Вот в этом я с ней была полностью согласна. Перспектива остаться одной на какое-то время вызывала у меня такое воодушевление, что мне приходилось его скрывать. Если бы мама догадалась, то могла бы передумать, раз уже мне так хочется остаться на какое-то время без них. Им так и не удалось вытянуть из меня ни одного слова в ходе нашего разговора на острове в тот день, когда была получена записка от сестры Франциски. Но они внимательно прислушивались ко всем моим телефонным разговорам и следили за моими выходами из дома, так что я не на шутку опасалась, что в один прекрасный момент они обнаружат, что мы с Марито видимся и в Буэнос-Айресе. Больше всего на свете мне хотелось, чтобы я могла пригласить Марито домой, быть с ним в городе хоть раз не за столиком в кафе между нами, показать ему свой мир, свою комнату, свои вещи.
«Капля камень точит», – сказал папа маме в тот вечер, когда появился дома с билетами в руках. Мне кажется, я никогда не видела маму счастливее, чем в дни накануне этого путешествия, когда она составляла разные списки и звонила своим подругам, чтобы поделиться новостью: да, она тоже едет знакомиться с Майами, – и записывала адреса, и говорила со мной о Майами так, словно собиралась отправиться в будущее, в мир настоящий, а не такой, как наш, с множеством препон и препятствий.
Я вместе с ними поехала на такси в аэропорт, провожать, и послушно кивала в ответ на все рекомендации и указания, которыми они меня осыпали, прежде чем исчезнуть из поля моего зрения за спинами сотрудников таможни и паспортного контроля. Папа хотел сделать вид, что его насильно влекут к чему-то такому, что его вовсе не интересует, но он тоже выглядел счастливым. Он запасся перечнем интересных для него мест, не совпадающим с маминым, о чем не преминул сообщить; на тот случай, если на пляже найдется какая-нибудь грудастая девица, заметил он за обедом накануне отъезда, подмигнув мне одним глазом.
В первый раз в жизни у меня впереди была целая неделя без родителей, и, открыв дверь квартиры, я почувствовала, что вдруг выросла, что я – полновластная хозяйка своего времени, что могу делать всё, что захочу. Я завела музыку и прошлась, подтанцовывая, по всей квартире, поглядывая на свое отражение в оконных стеклах. Открыла холодильник, убедилась, что мама набила его как следует, и размечталась о часах, которые я проведу с Марито, – наконец-то только вдвоем, без зовущего к обеду звона колокольчика, который прерывал бы наши встречи, без необходимости притворяться, без чего бы то ни было, что могло бы встать между нами. Никогда еще не была я такой счастливой.

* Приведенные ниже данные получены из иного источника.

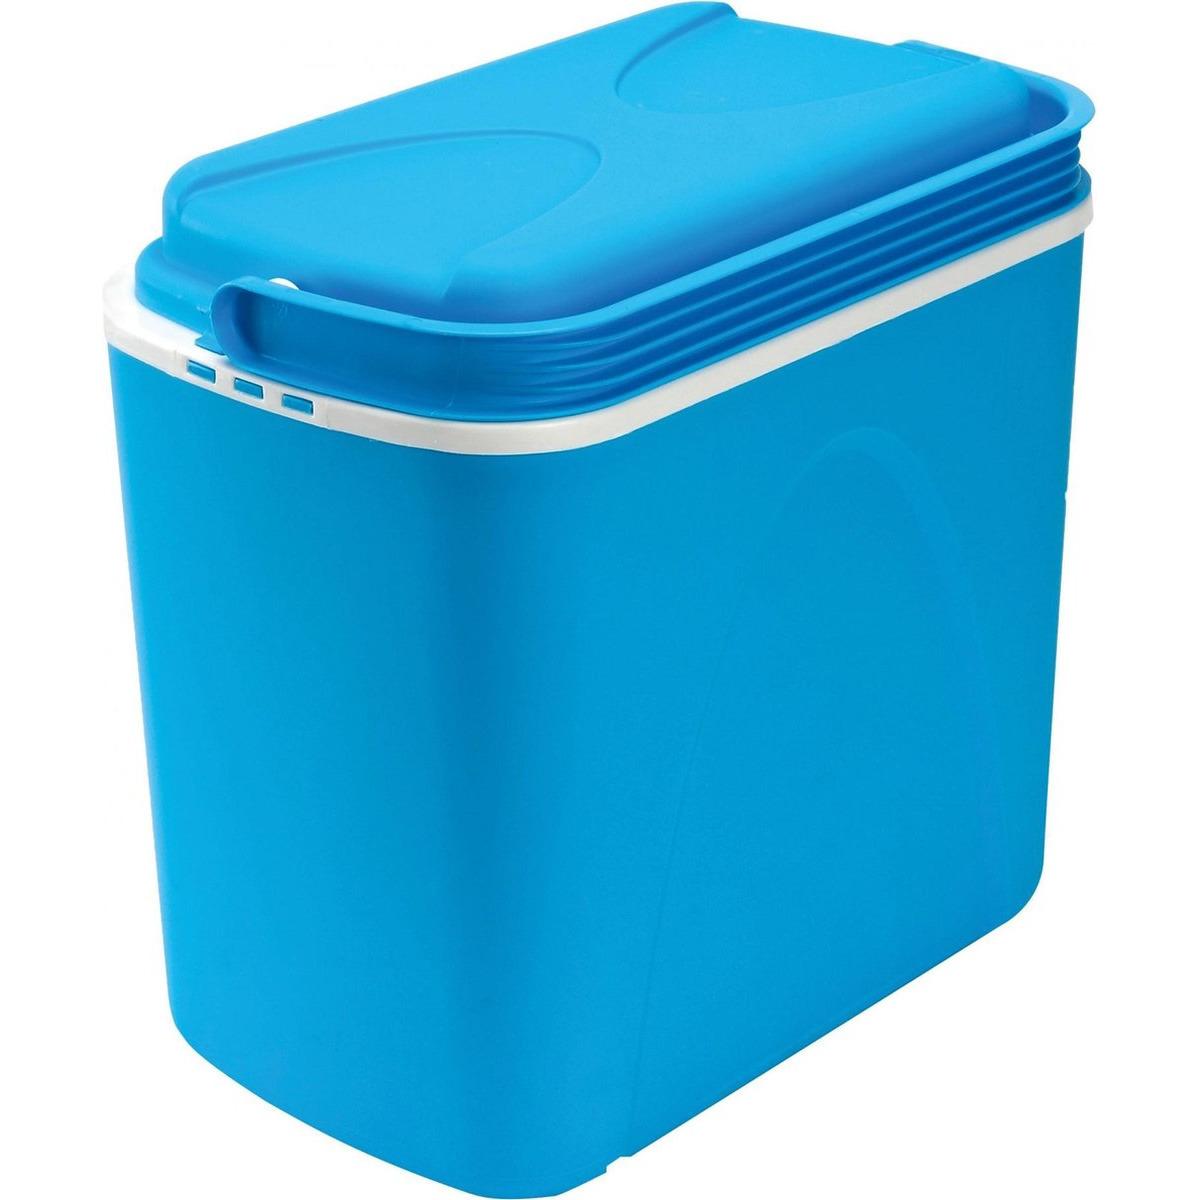 Koelbox blauw 24 liter 40 x 25 x 37 cm

Марито пришел в четыре часа. Принес мне букет маргариток. Выглядел довольным. Мы приготовили себе мате; чайник для мате я купила специально, заранее, и спрятала его в своей комнате, чтобы мама не увидела. И всё утро старалась его состарить, молясь про себя, чтобы Марито не заметил, что он совсем новый. На острове мы всегда пили мате, и я говорила ему, что пью его и в городе.

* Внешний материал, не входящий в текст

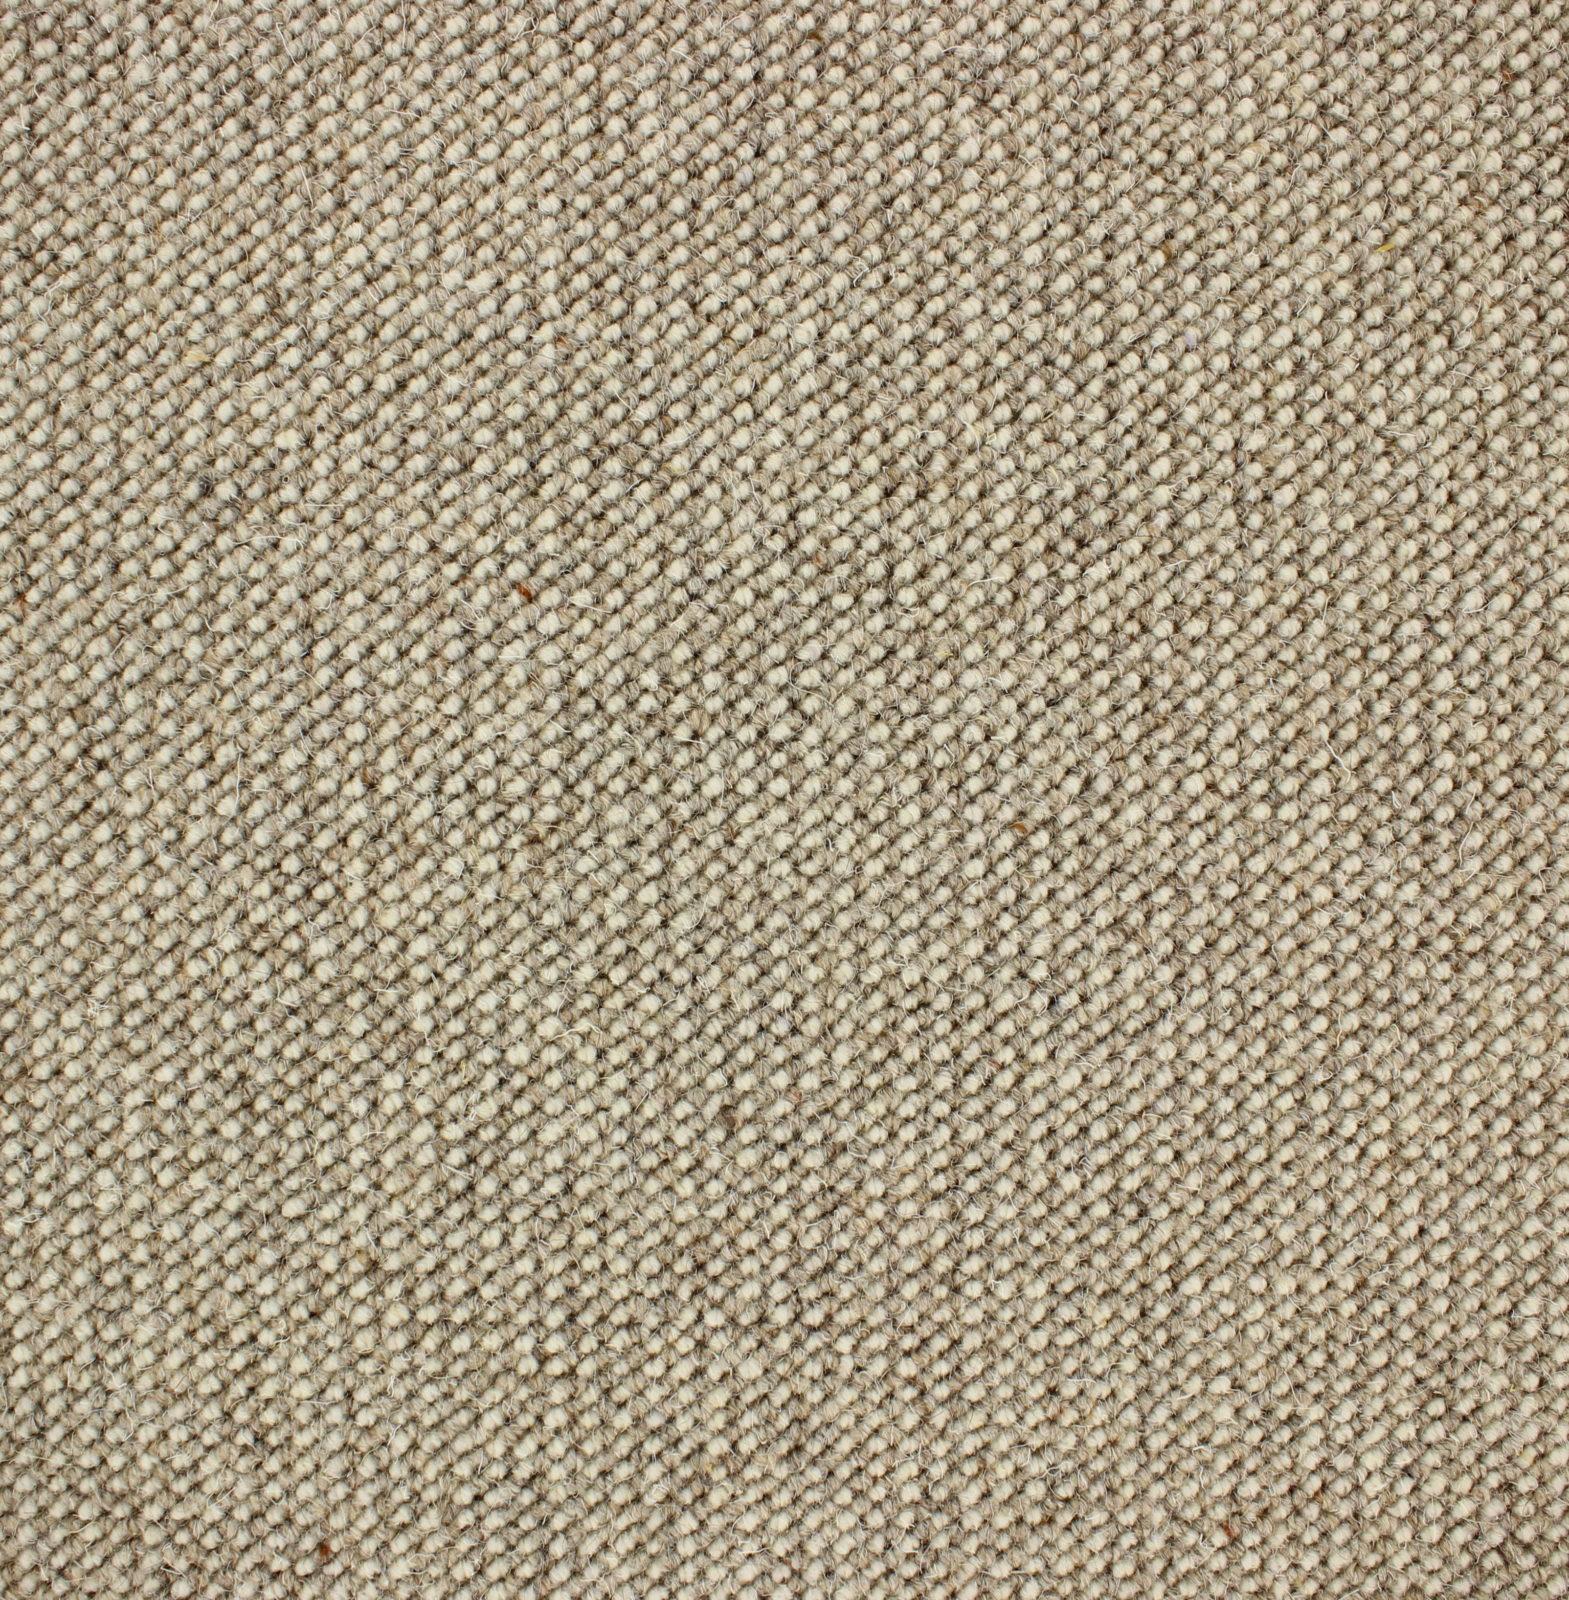 carpet_sample

– Чайник – новый, – заметил он, как только я дала ему чайник в руки, чтобы он насыпал заварку.
– Старый у меня разбился, – сказала я, почувствовав себя полной дурой из-за того, что так и не нашла в себе мужества сказать ему, что предпочитаю кофе.
Пачка с мате тоже была нетронутой.
– Мате пьют в компании, а я всегда одна.
В общем, что-то от правды в моей выдумке было. Но ничто в мире не значило для меня в тот момент больше, чем само его присутствие рядом со мной. У нас впереди был еще весь день и даже целая неделя, если мы пожелаем, потому что я уже решила пригласить его остаться, что вообще-то было равнозначно предложению поиграть в папу и маму.
– Для волчьей стаи нам не хватает Лусио, – сказала я.
– Бедняга Лусио, воспитанный парой сумасшедших, – ответил Марито.
Мне было приятно, что он так сказал, мне было приятно знать, что для него и Кармен, и я равным образом были двумя сумасшедшими мамашами.
Сама себе я всегда говорила, что вовсе не думала переспать с Марито, когда пригласила его к себе. Как-то раз мы с ним говорили об этом, но решили подождать, ну, или я решила подождать, а его это, казалось, вполне устроило. Я боялась, что если займусь с ним любовью, то он потом плохо обо мне подумает, боялась, что что-то может пойти не так, даже несмотря на то, что сама этого хочу, и вообще, кто знает, чем это может закончиться. А он сказал мне, что когда я буду готова, мы с ним это почувствуем. Что-то в этом роде. Думаю, еще он сказал, что нам некуда спешить. И когда я пригласила его к себе, зная, что родителей не будет дома, вообще-то я могла бы сообразить, что такой хорошей возможностью грех не воспользоваться. Эта недосказанность стояла между нами, но я не находила для этого ни слов, ни даже образов, и поэтому мы вели себя друг с другом с неестественной вежливостью, будто стояли на сцене перед полным зрительным залом, разыгрывая какую-то пьесу.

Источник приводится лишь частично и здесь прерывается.